The model was trained on aws p2-xlarge instance. It took about 15 minutes to train an epoch and using early stopping, I found my best model after the 28th epoch with a validation loss of 0.027. You can view the training results in the csv file model_logs_32_100_50_0.001_10.csv
or using the tensorboard logs tensorboard_logs.zip
.
Checkout environment file by running conda env create -f environment.yml
. On aws, clone this project and run python ./bin/get_orig_data.py
to download original data set.
clone this project and run ./run-bagdump.sh -i ~/steering-angle-predictor/orig_data/Ch2_002 -o ~/steering-angle-predictor/image_data
to convert data files to CSVs and images. Must be an absolute path to this project.
Note: I ran into some issues getting docker running on the carnd ami, but was able to get it installed eventually using this walk-through.
run python ./bin/generate_bottleneck_data.py
to run images through VGG16 and save results to S3. Model training was broken up into image processing (VGG16) and recurrent training to allow (in theory) for the second half to be trained locally on my machine.
run python ./bin/train.py
to train and save the recurrent model. In my current best model, I trained for a maximum of 100 epochs, with an early stopping min_delta of 0.01, and an early stopping patience of 10. The model ended up stopping after the 38th epoch.

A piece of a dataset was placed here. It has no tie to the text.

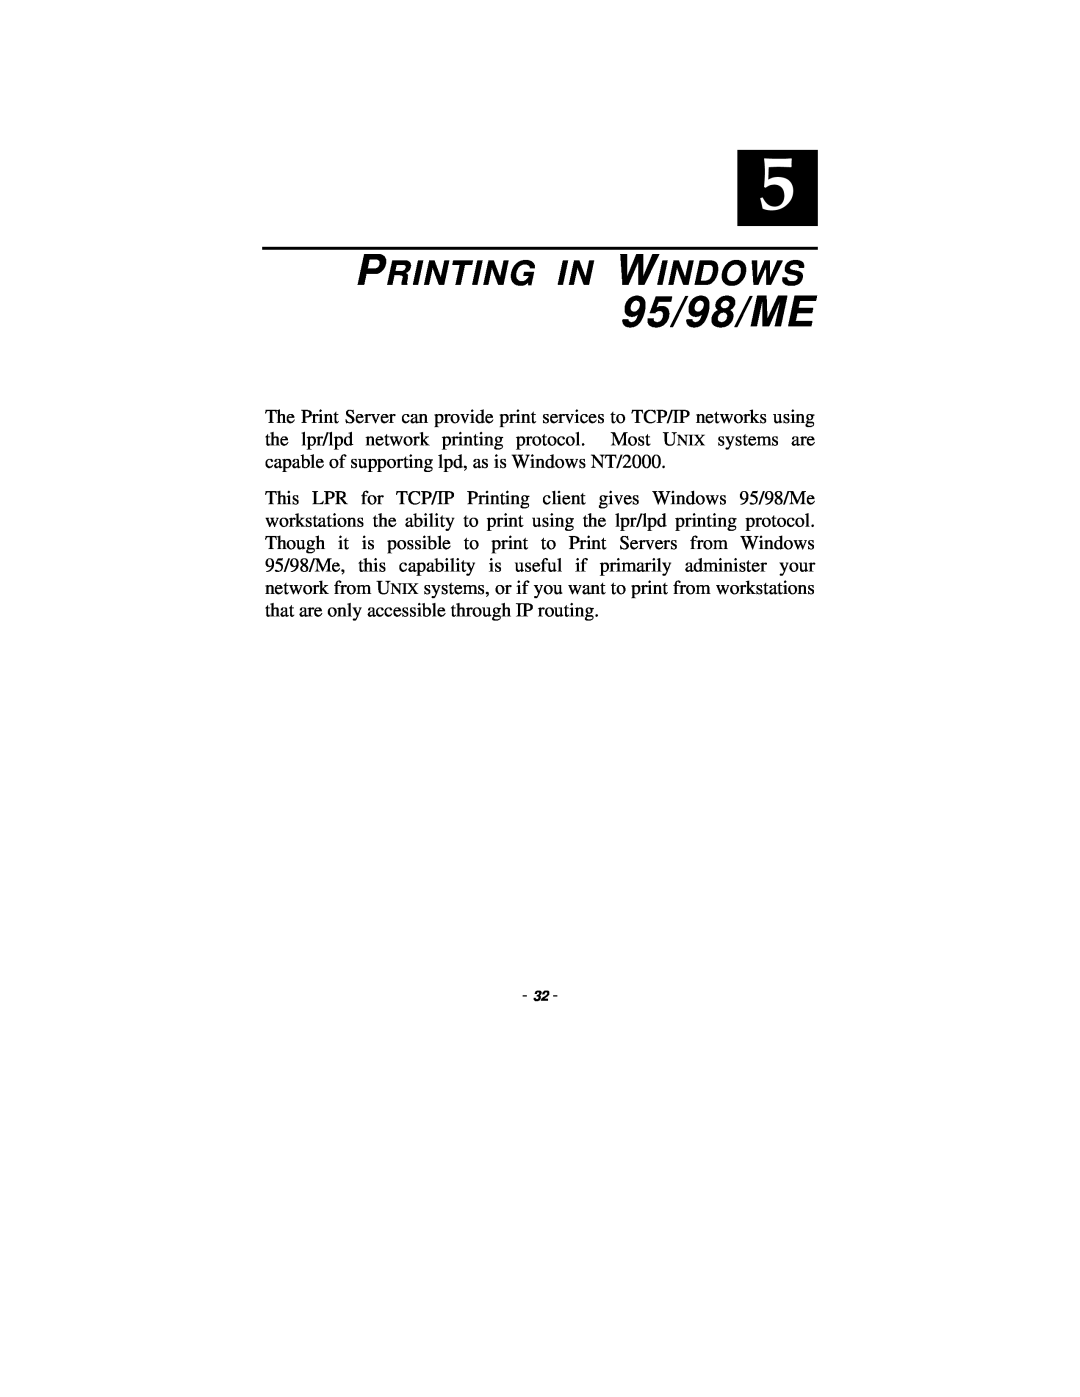 TRENDnet TE100-P1P manual 95/98/ME, Printing In Windows

Step 5: Create video displaying actual steering angle, predicted steering angle, and absolute error percentage.
run python ./bin/video.py
.
This was a really fun project because it was my first opportunity to work with ROSBAG data, recurrent layers, Keras functional model, and multi inputs to a model. I think I learned a lot about how recurrent networks work and will definitely be able to use this knowledge in the future. Although I have already learned a lot, there is still a ton of work I would to on the project in the future.

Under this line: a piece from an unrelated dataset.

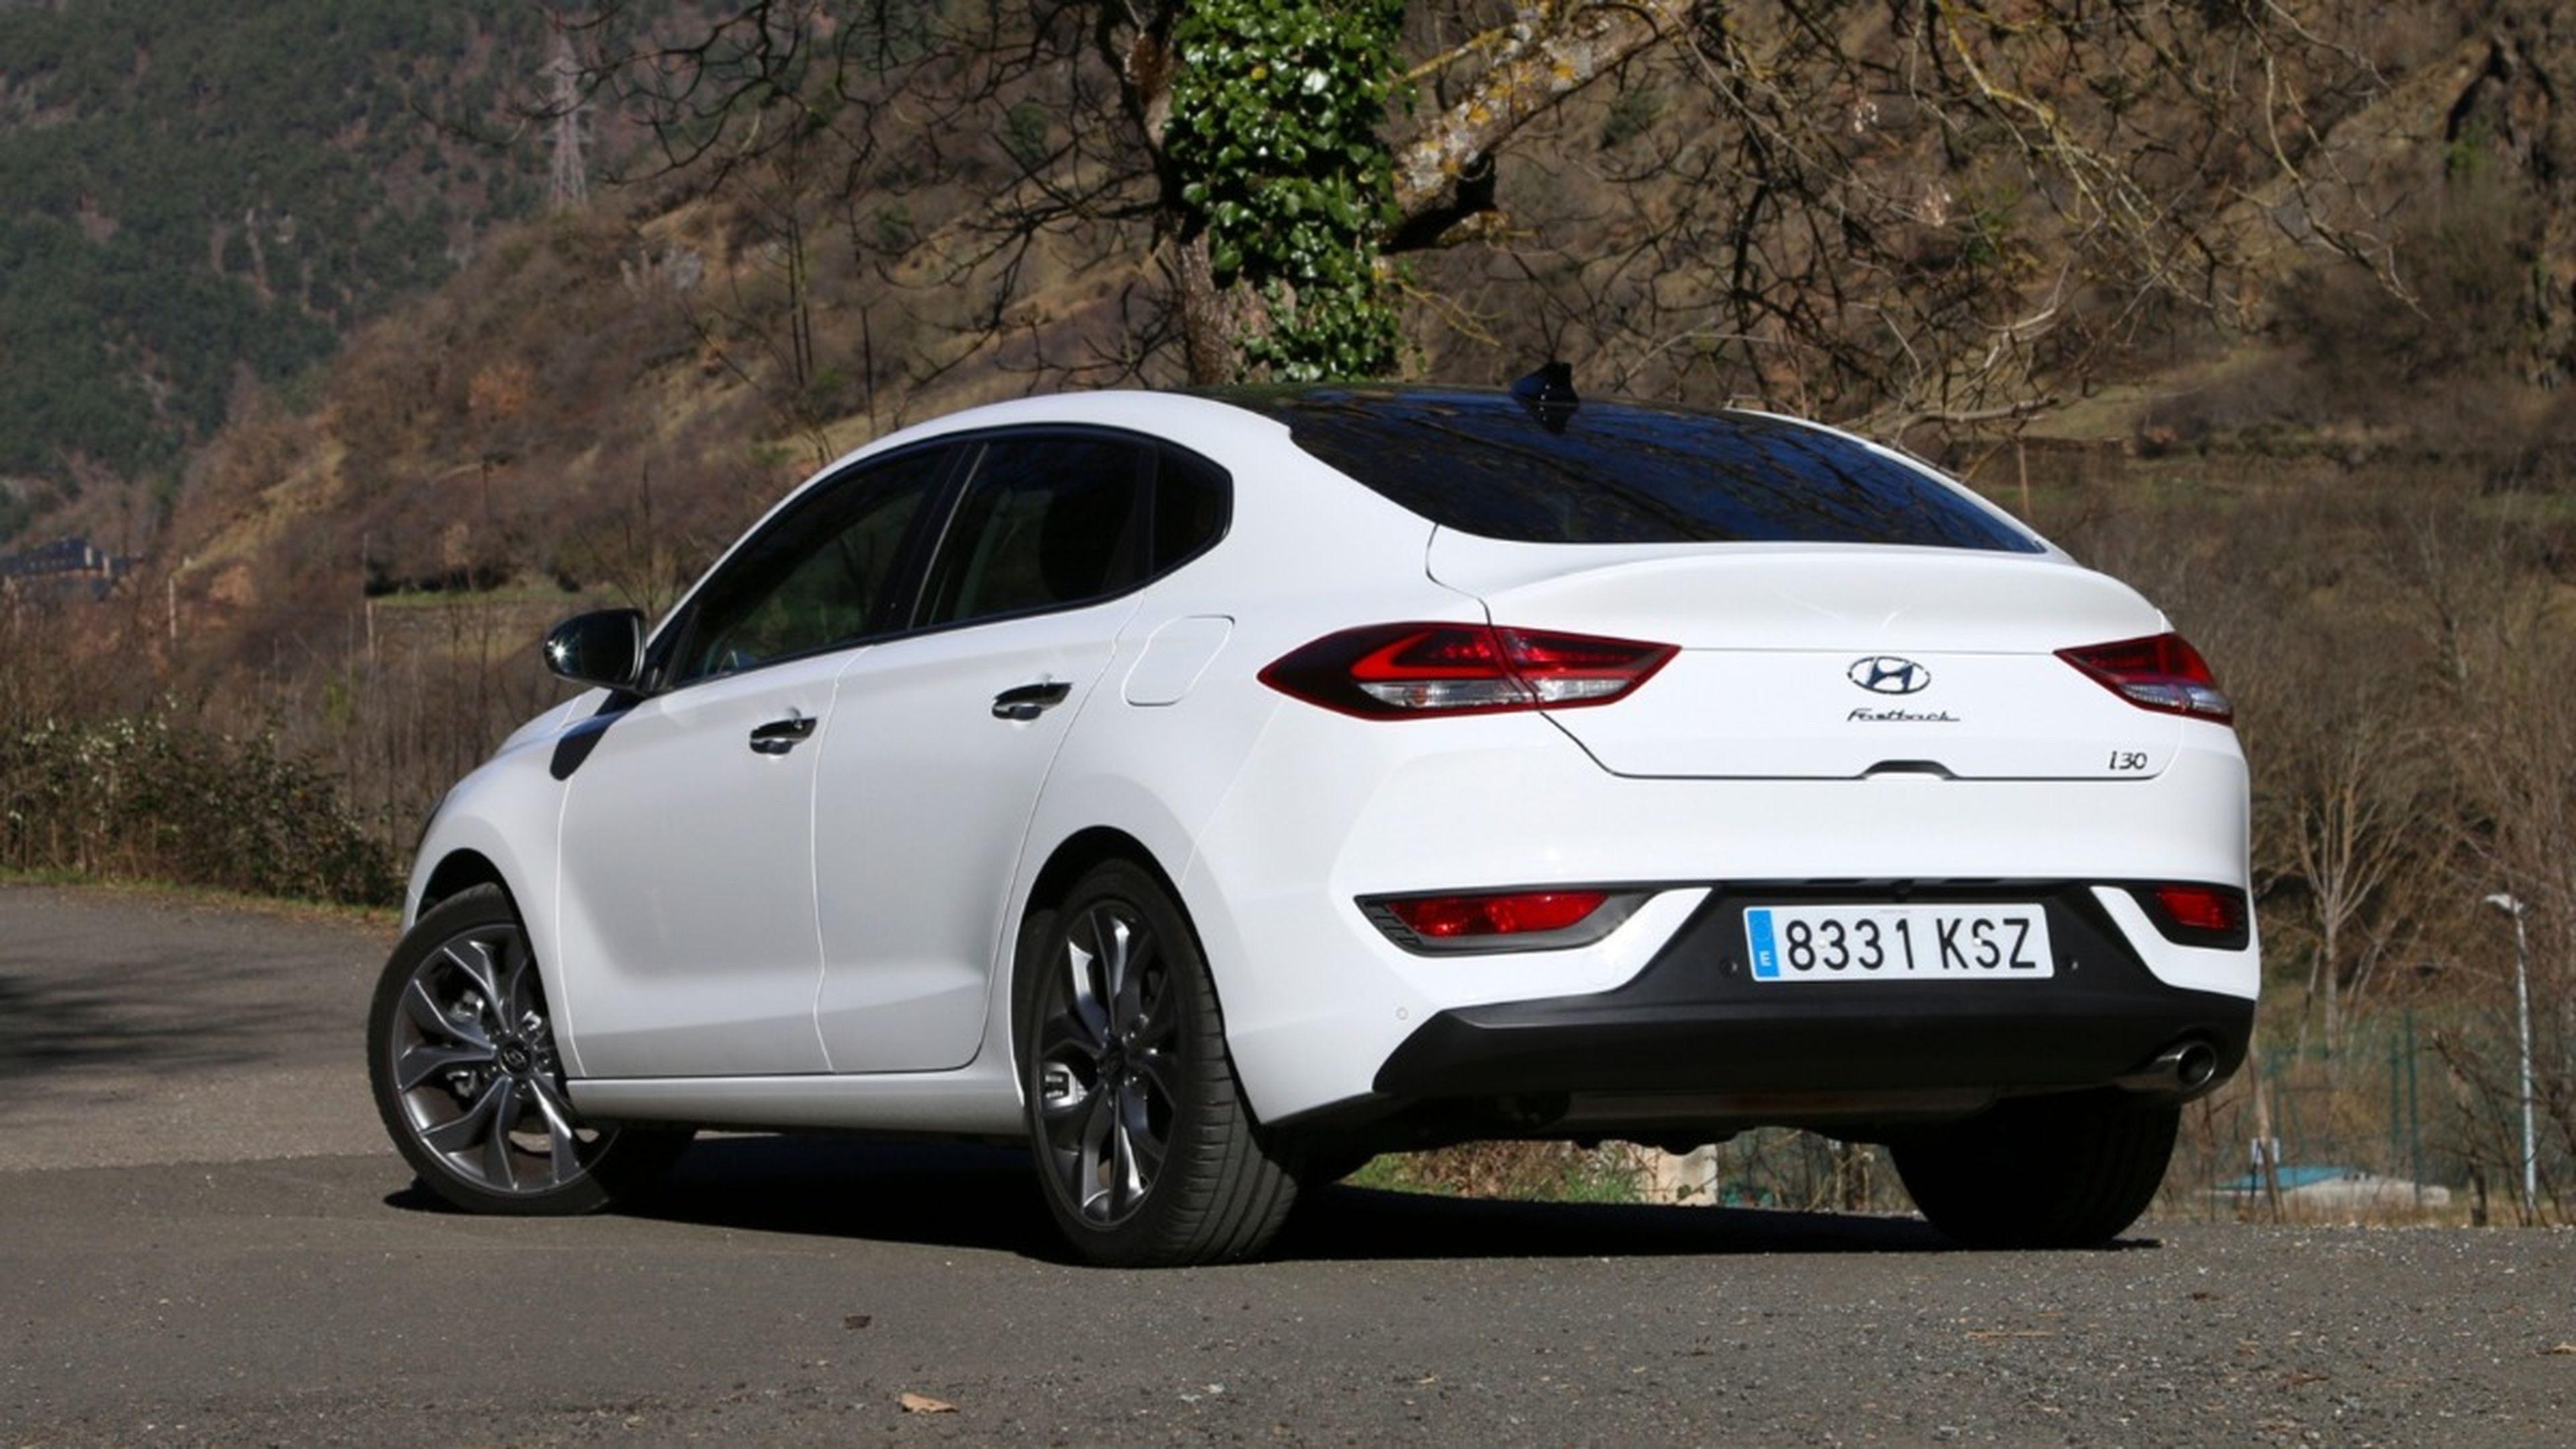 Opinión del Hyundai i30 Fastback: ¿una carrocería recomendable?

I initially split up the training into "bottleneck" training using VGG and the recurrent training because I hoped I would be able to perform the recurrent training on my local GPU, this was not the case in practice and splitting up the training was a huge pain in developing clean generators to work this. Right now I have three generators, one for each step of training and one for generating the video. If I had built my model end to end, I would not have had this problem, although my model may have taken longer to train.

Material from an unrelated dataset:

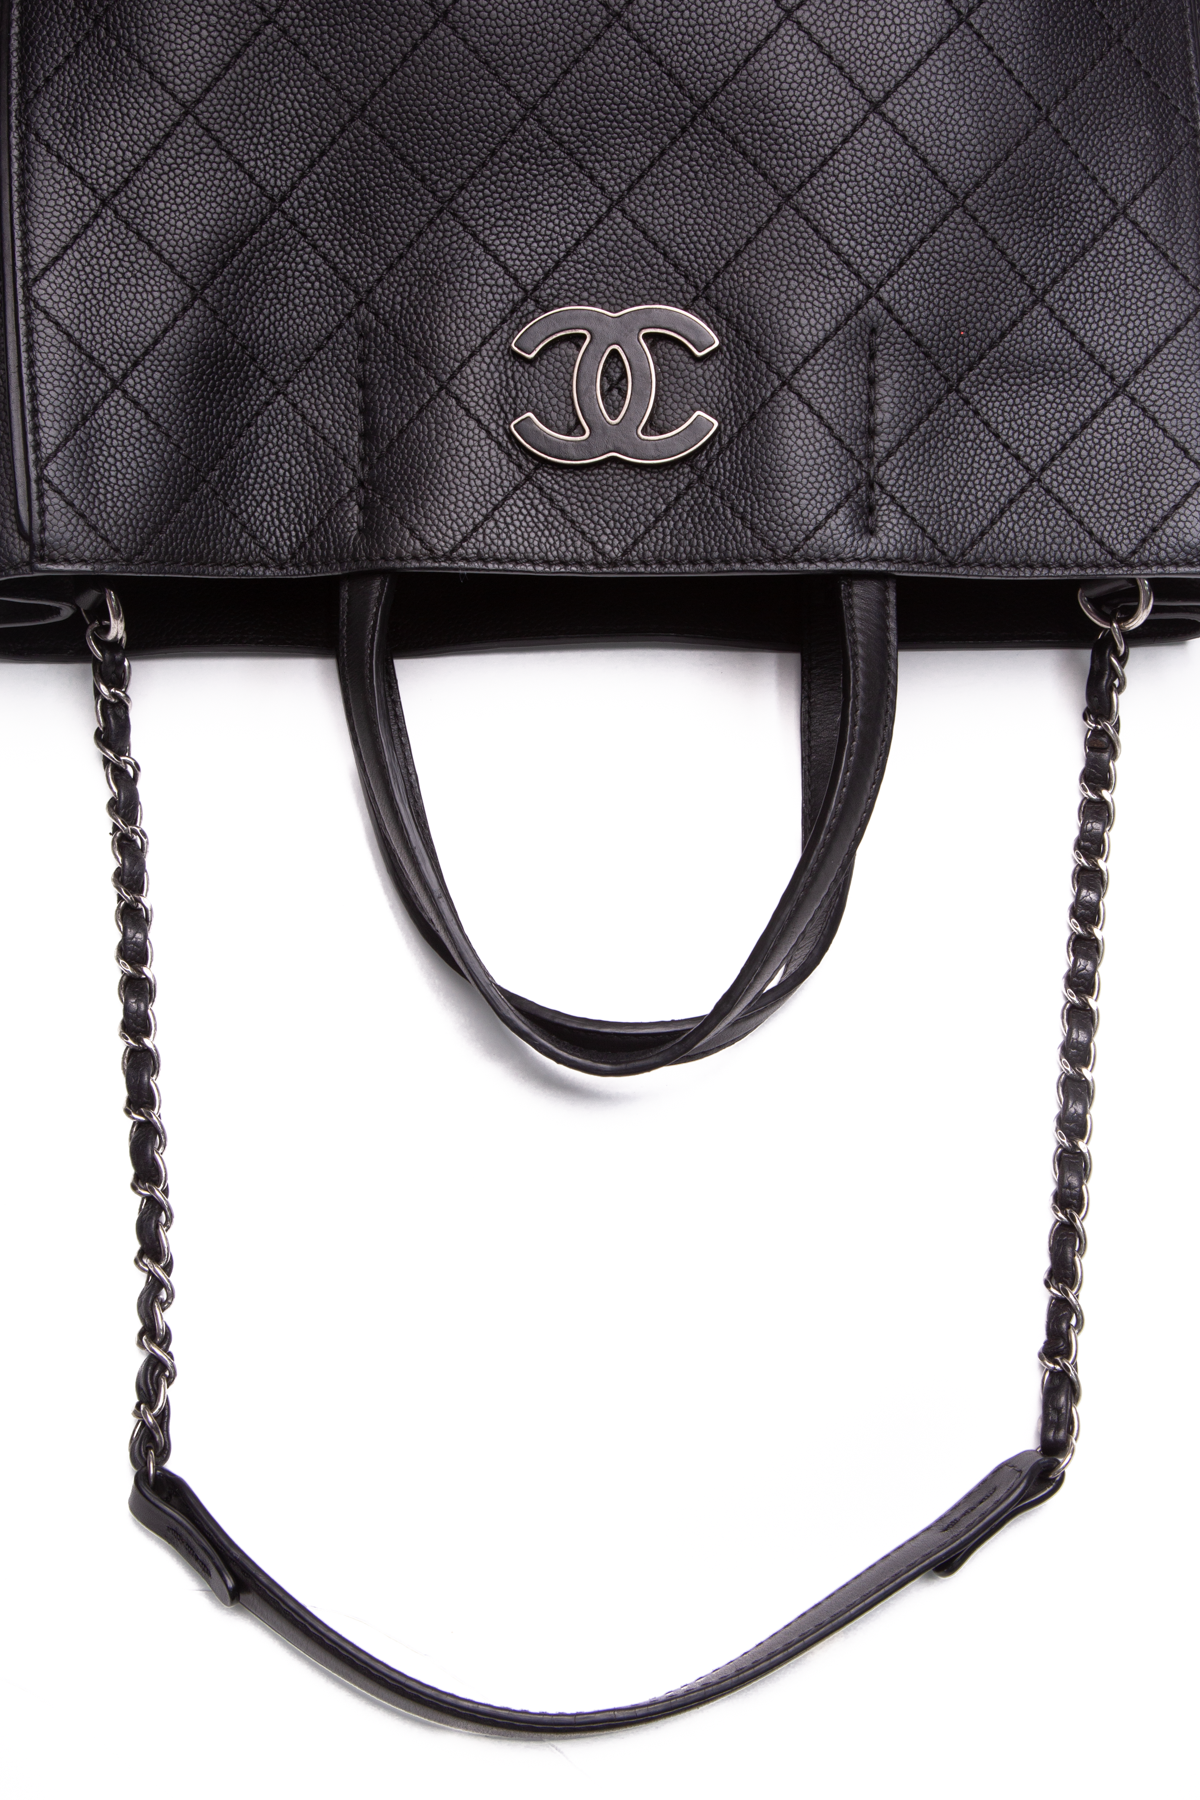 chanel all black handbag

The current results of this project are a bit disappointing. My goal was to have a video of actual and predicted steering wheel angles to show similar to the videos from the Udacity challenge (link). In my case, when running my model to generate video output, the model is returning the same steering angle every time. Something is clearly wrong but the whole prediction process very complicated and I can't tell right now if the model is flawed or the way I am passing the input data is incorrect. The model also requires me to input a batch of 32 frames at a time which isn't practical in a real self driving car. If I were to go back I would want to simplify the model architecture to one training process and figure out a better way to run my test and validation splits. I would also want to consider training my own model end to end which would give faster calculation speeds and play with more of the hyper parameters.